On February 9th, President Obama released his Budget Proposals for 2017 (the "Budget Proposals"). The Budget Proposals include the following proposals that may affect private investment fund managers:

  • an expansion of the application of the 3.8% net investment income tax to income earned by "limited partners" of a limited partnership and income earned through an S corporation;  
  • a change in law to treat carried interest as ordinary income;  
  • an increase in the tax rate applicable to dividends and long term capital gains to 24.2% (for an aggregate tax rate of 28%, inclusive of the 3.8% net investment income tax);   
  • the so-called "Buffet rule," pursuant to which high income taxpayers (generally, income in excess of $1 million) would be subject to a minimum tax rate that reaches 30%;   
  • requirement to mark-to-market most derivatives contracts on an annual basis, with gain or loss being treated as ordinary income; and   
  • requirement to report accrued market discount on a current basis, in the same manner as original issue discount.

The remainder of this client alert discusses in more detail the first two proposals noted above.[1]    

Net Investment Income Tax and Self-Employment Tax

The Treasury Department and Congress have sought for many years to close a perceived loophole pursuant to which, under current law, self-employment taxes are not imposed on a limited partner's share of income earned through a limited partnership (other than with respect to guaranteed payments). Similarly, under current law, self-employment taxes are not imposed on an S corporation shareholder's share of income from that S corporation.[2] As a result, some investment fund managers have not been subject to self-employment taxes where their management company is structured as a limited partnership (and they hold a limited partner interest, other than with respect to guaranteed payments) or an S corporation.  

The net investment income tax under Section 1411[3] imposes a tax comparable to self-employment tax on certain investment income, and therefore generally works to subject all income to either the net investment income tax or self-employment tax. Under current law, however, the net investment income tax does not apply to income attributable to certain trades or businesses conducted by a partnership or S corporation, assuming the limited partner or S corporation shareholder, as applicable, materially participates in those trade or business activities.[4] The Budget Proposals would close this gap, by broadening the scope of the self-employment taxes and eliminating certain exclusions from the net investment income tax, to ensure that all trade or business income earned through a limited partnership or an S corporation is subject to one or the other tax.

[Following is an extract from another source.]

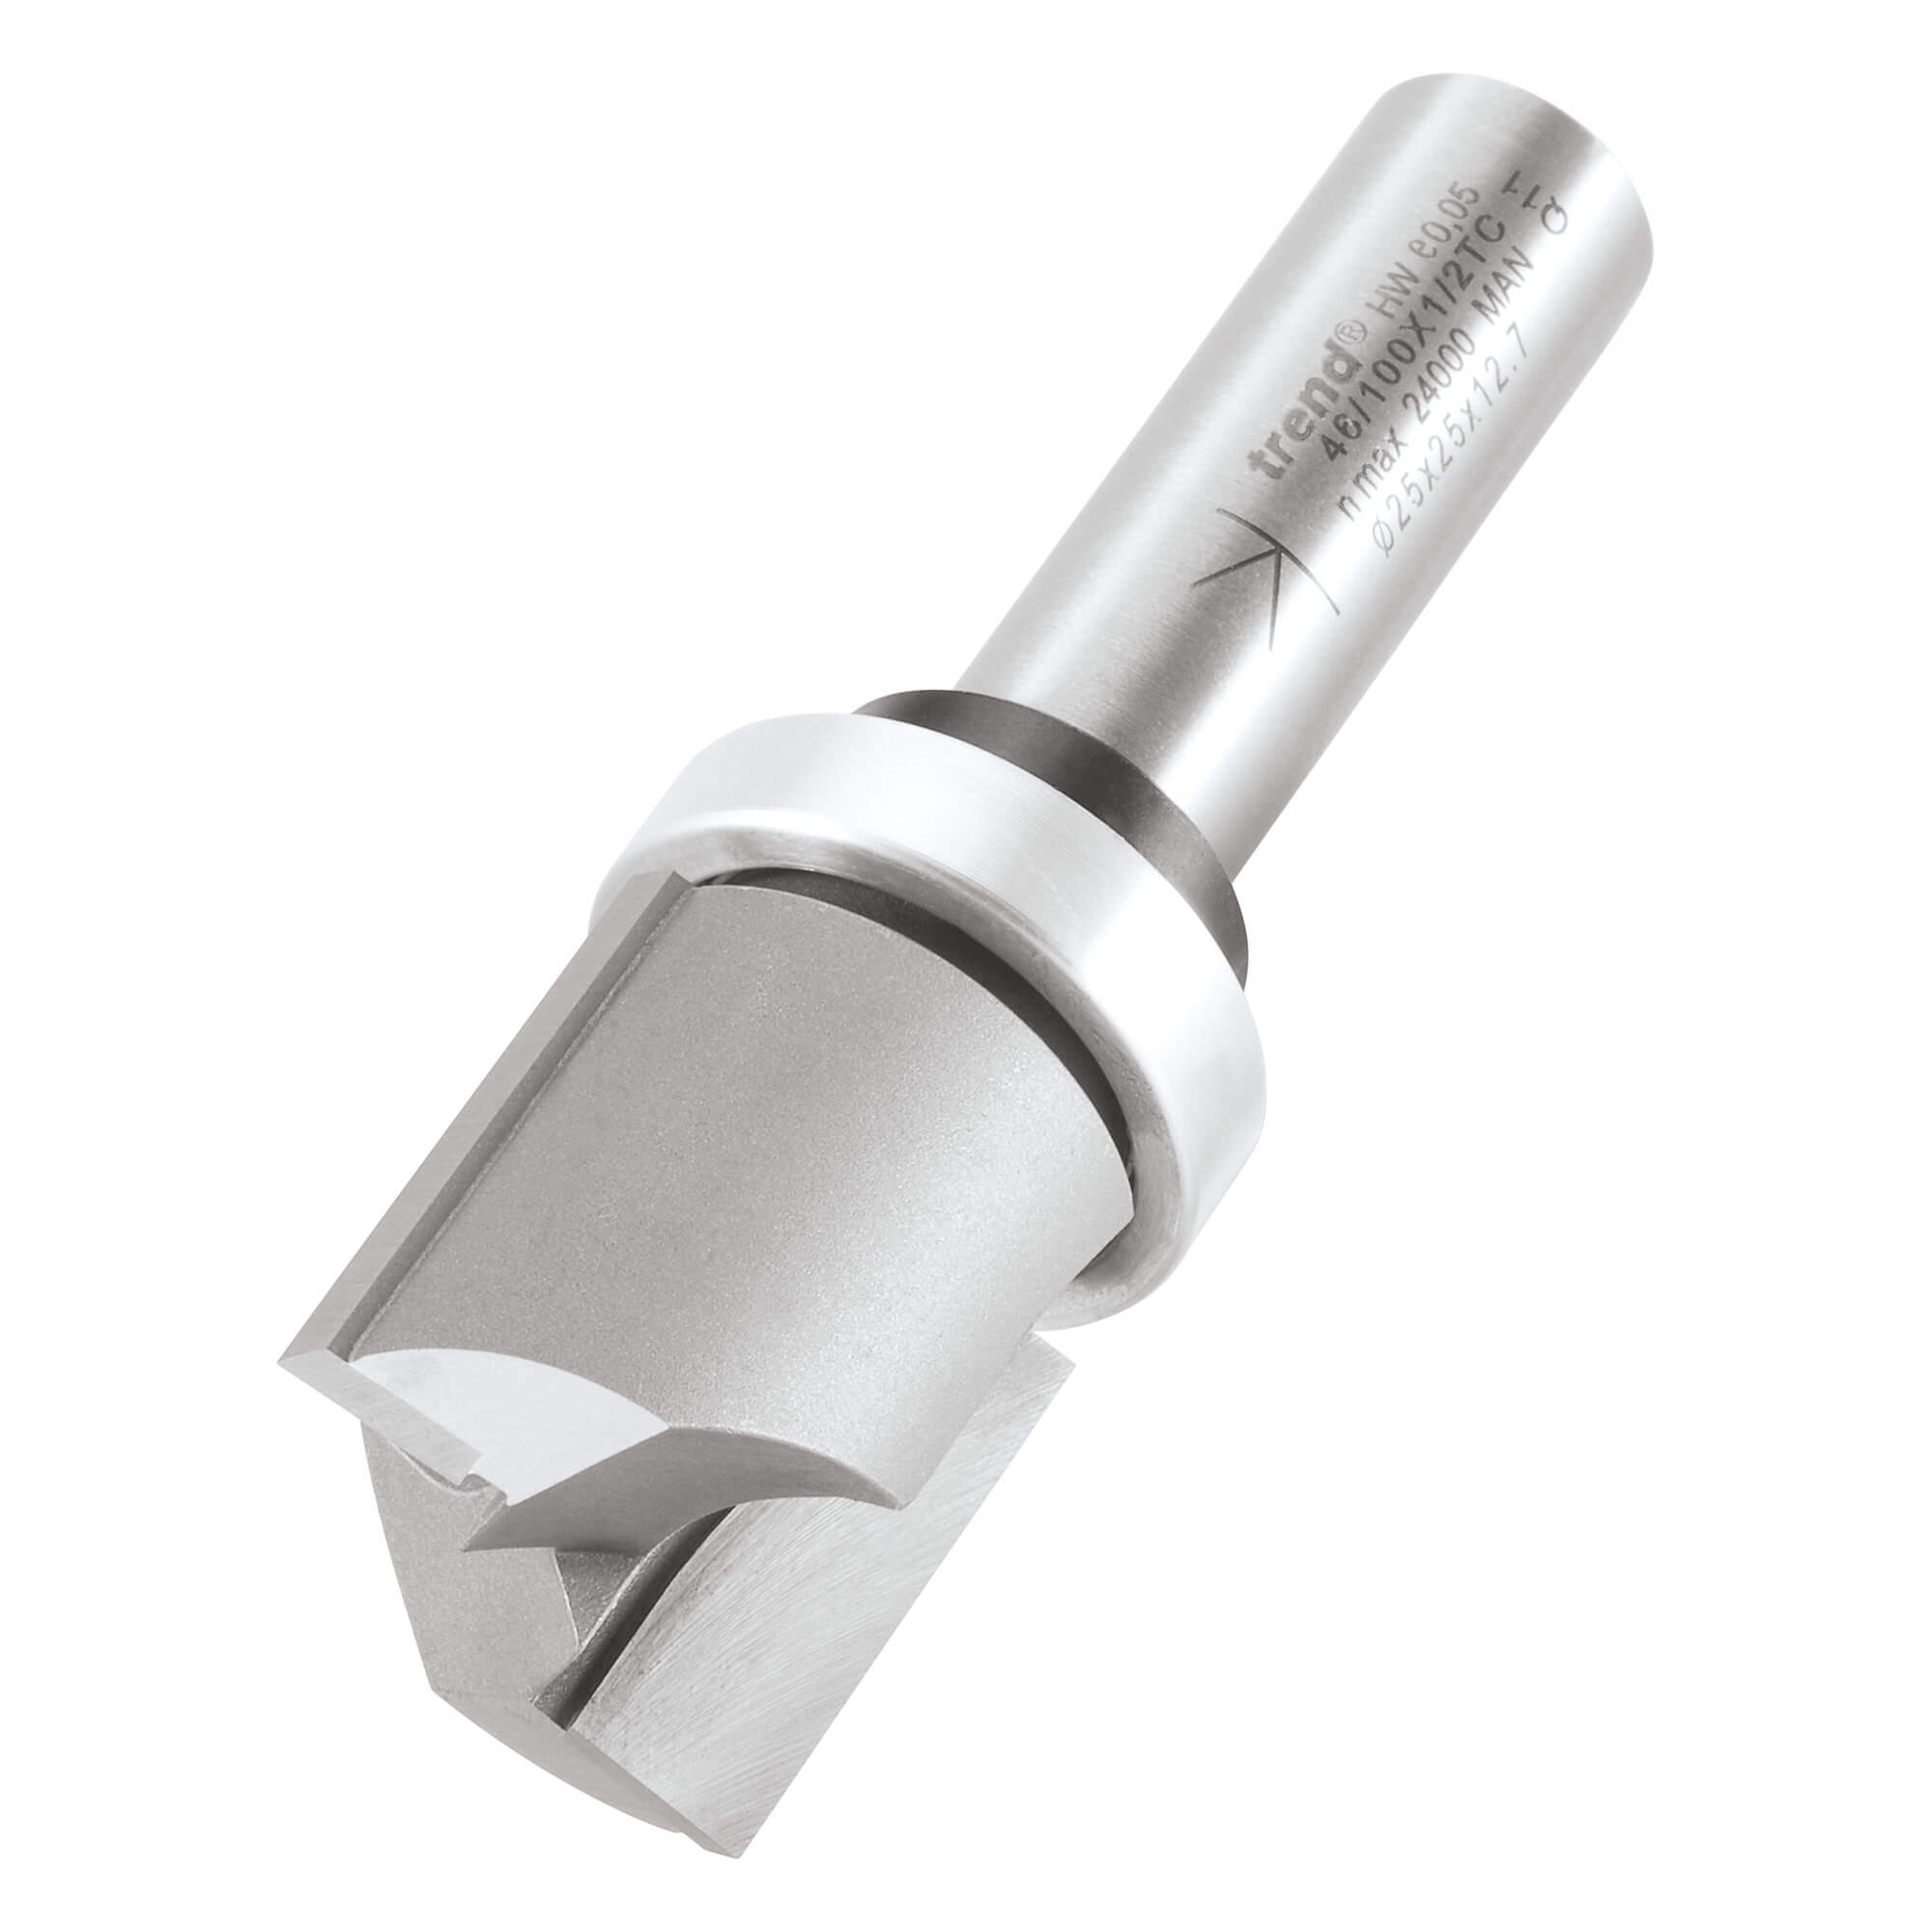 Image of Trend Bearing Guided Template Profiler Router Cutter 25mm 25mm 1/2"

This proposal, if adopted, would not be effective until tax years beginning after December 31, 2016. 

Carried Interest

The Budget Proposals would tax carried interest as ordinary income, and also impose self-employment tax on this income. Although the Budget Proposals do not include draft legislative language, the Green Book uses terminology to describe carried interest as an investment services partnership interest ("ISPI") in an investment partnership, and this terminology is consistent with prior legislative proposals on this topic. These previous legislative proposals were carefully drafted to leave little room for tax planning opportunities. The Green Book does provide that, "in order to ensure more consistent treatment with the sales of other types of businesses, the Administration remains committed to working with the Congress to develop mechanisms to assure the proper amount of income recharacterization where the business has goodwill or other assets unrelated to the services of the ISPI holder." This seems to be a reference to the so-called "enterprise tax" pursuant to which the recharacterization of capital gain to ordinary income would include gain realized upon the disposition of an interest in an asset manager organized as a partnership, and the Administration's willingness to accept that not all of these gains would be within the rules related to taxing carried interest as ordinary income.

This proposal, if adopted, would not be effective until tax years beginning after December 31, 2016. Note that the effective date is for income earned from an ISPI in a tax year beginning after December 2016, regardless of the year during which the underlying interest was issued.

Conclusion

The taxation of carried interest and the perceived loopholes relating to income from limited partnerships and S corporations have been the subject of much debate, and over the years, legislative proposals have been introduced to achieve the results targeted by the Budget Proposals. While those legislative proposals have failed in the past, it is difficult to predict how these proposals will be viewed by the current Congress in light of the political landscape.